Ethiopia’s government, growers, and exporters have recently begun working towards gaining access to new markets for their products. While continuing to encourage trade with traditional European partners, Ethiopia has also begun exporting to Saudi Arabia, Qatar, and Bahrain. These Middle Eastern markets represent potential, rather than current growth, for Ethiopia. The country hopes to establish a stronghold in areas that are not currently saturated with European or other African flowers. Exporters anticipate building an industry presence in untapped foreign markets with Ethiopian Airlines’ addition of direct flights between Addis Ababa to major hubs such as Tokyo, Los Angeles, and Moscow.

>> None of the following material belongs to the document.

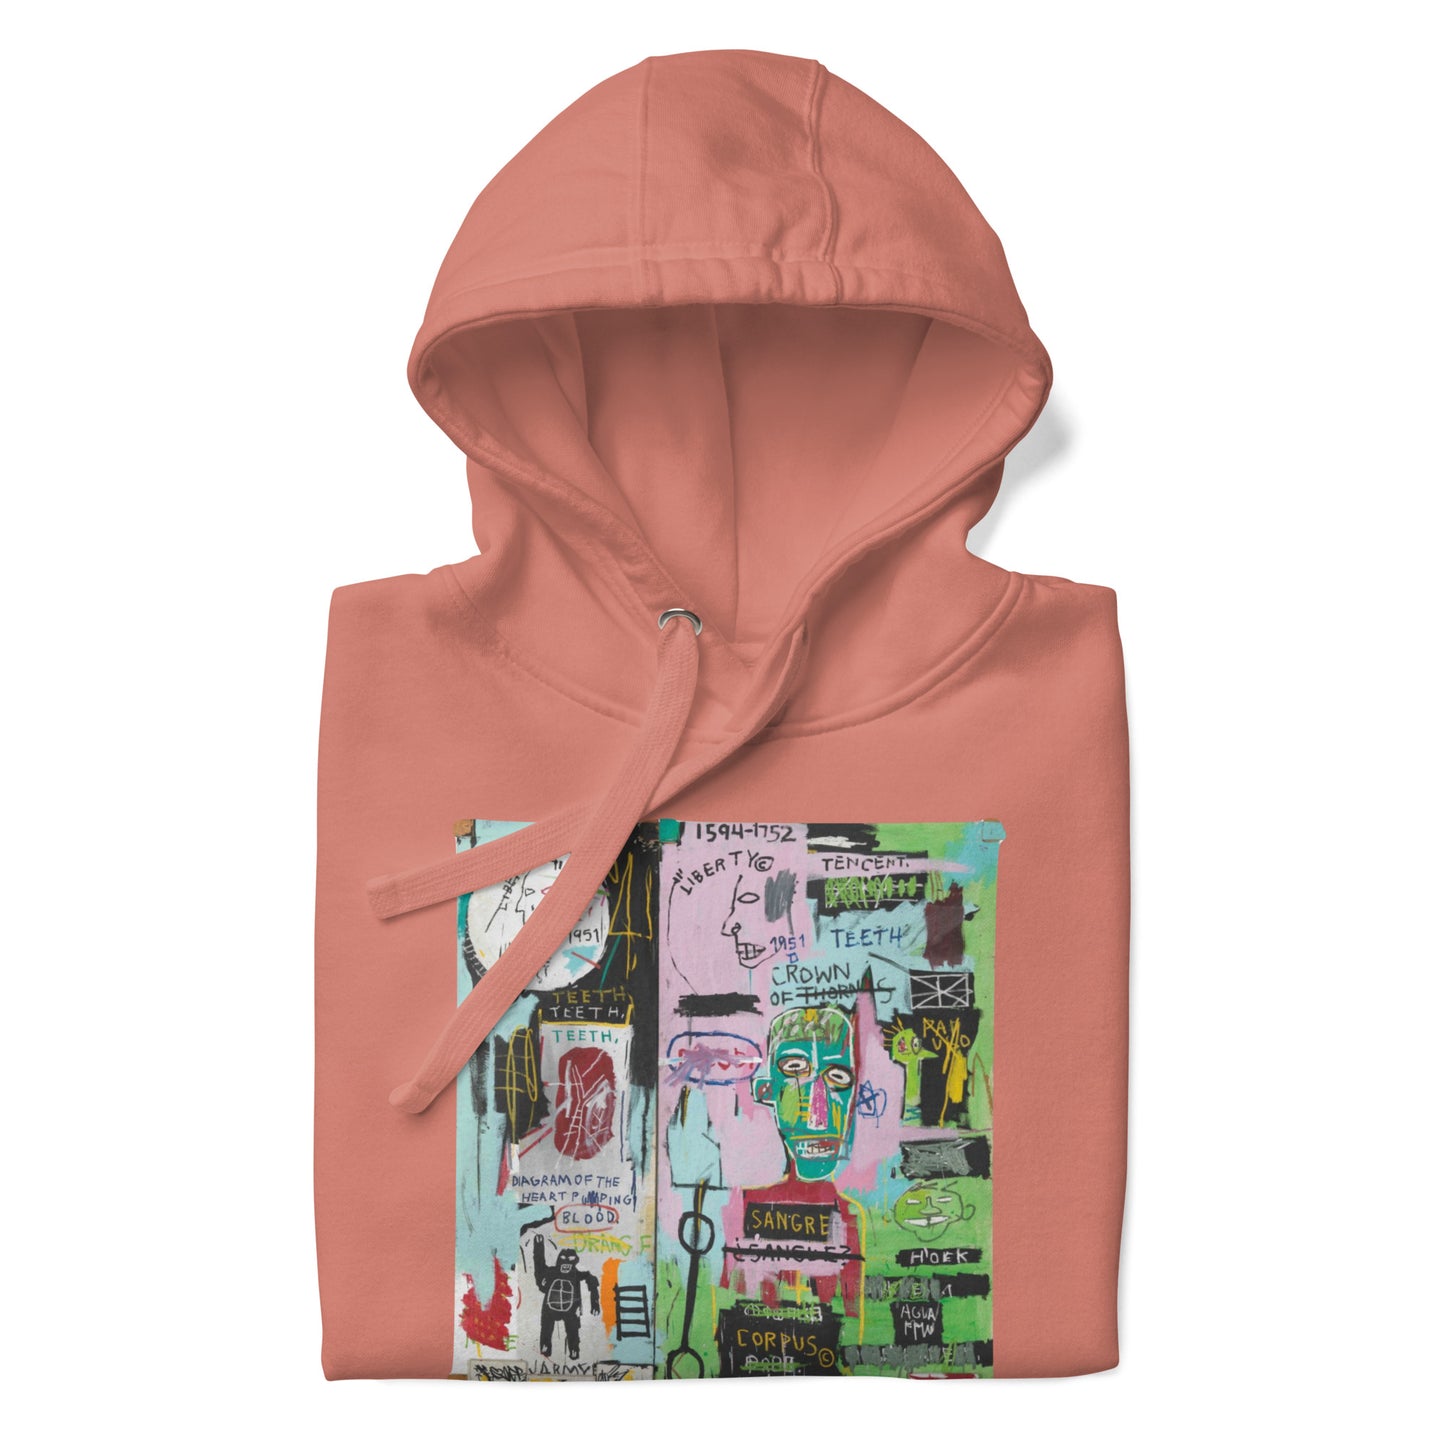 Jean-Michel Basquiat "In Italian" Artwork Printed Premium Streetwear Sweatshirt Hoodie Salmon Pink

Last year the horticulture sector was Ethiopia’s fifth largest export revenue earner, up 7.2 percent from the year prior. and resulting in $245.46 million dollars in income, over $90 million of which came from flowers. Western, Southwestern, as well as parts of central Ethiopia have been identified as having the necessary agro-ecological conditions to support floriculture, and have been targeted for development opportunities by the Ethiopian government. The government is hoping to encourage this development through various floriculture-specific incentives, including tax holidays, allowing for cheaper imports of machinery, and offering improved access to credit. In 2004-2005, the value of Ethiopian horticultural exports was $28.5 million, but by 2013-2014, this had grown over 750 percent to $245 million.

Investors and government actors interested in Rwandan floriculture are similarly visible. A venture between the Rwandan government and Kenya’s Shalimar Flowers aims to bring Kenyan expertise to an undeveloped Rwandan flower sector. Located in the Rwamagana District, the government-owned, 35-hectare Gishari Flower Park is hoping to eventually produce around 44 million stems per year. In September 2014, Kenya’s East African Growers acquired a 25 percent stake in the project, an investment about which onlookers are enthusiastic. Other potential sites have been identified in almost every region of the country for floriculture production. Officials project that the industry will earn Rwanda $220 million each year by 2017.

Along with lack of regulations and labor, transportation remains a chief impediment. François Nsenga, founder of local consultancy NINAF, said it took him five days to transport 700 kilograms of lily stems from smallholder farms to the auction market. By that time, only half passed the necessary quality test. The flowers took two flights instead of one to reach the Netherlands, contributing to the compromised quality and a five cent per kilogram increased airline cost compared to their Kenyan peers.


Kenya’s floricultural successes have made East Africa an area of interest to global flower companies and traders. As worldwide demand for flowers continues to increase, countries in Eastern Africa can take advantage of their ideal growing conditions for a wide range of sought-after flowers. And as East Africa’s own domestic desire for flowers grows, fueled by a fast-expanding middle class, regional farms can expect to reap the benefits of a nearby emerging demand center.

Transportation, while an impediment to the shipment of any good, is of utmost importance to floriculture, as flowers are easily damaged and expire quickly. Decreases in transportation costs around the world have made it increasingly possible for more regions to commercially produce and export the fruits, vegetables, and flowers of the season. Therefore East Africa must maintain the competitive advantage provided by climate and geography by ensuring that its infrastructure keeps up with demand.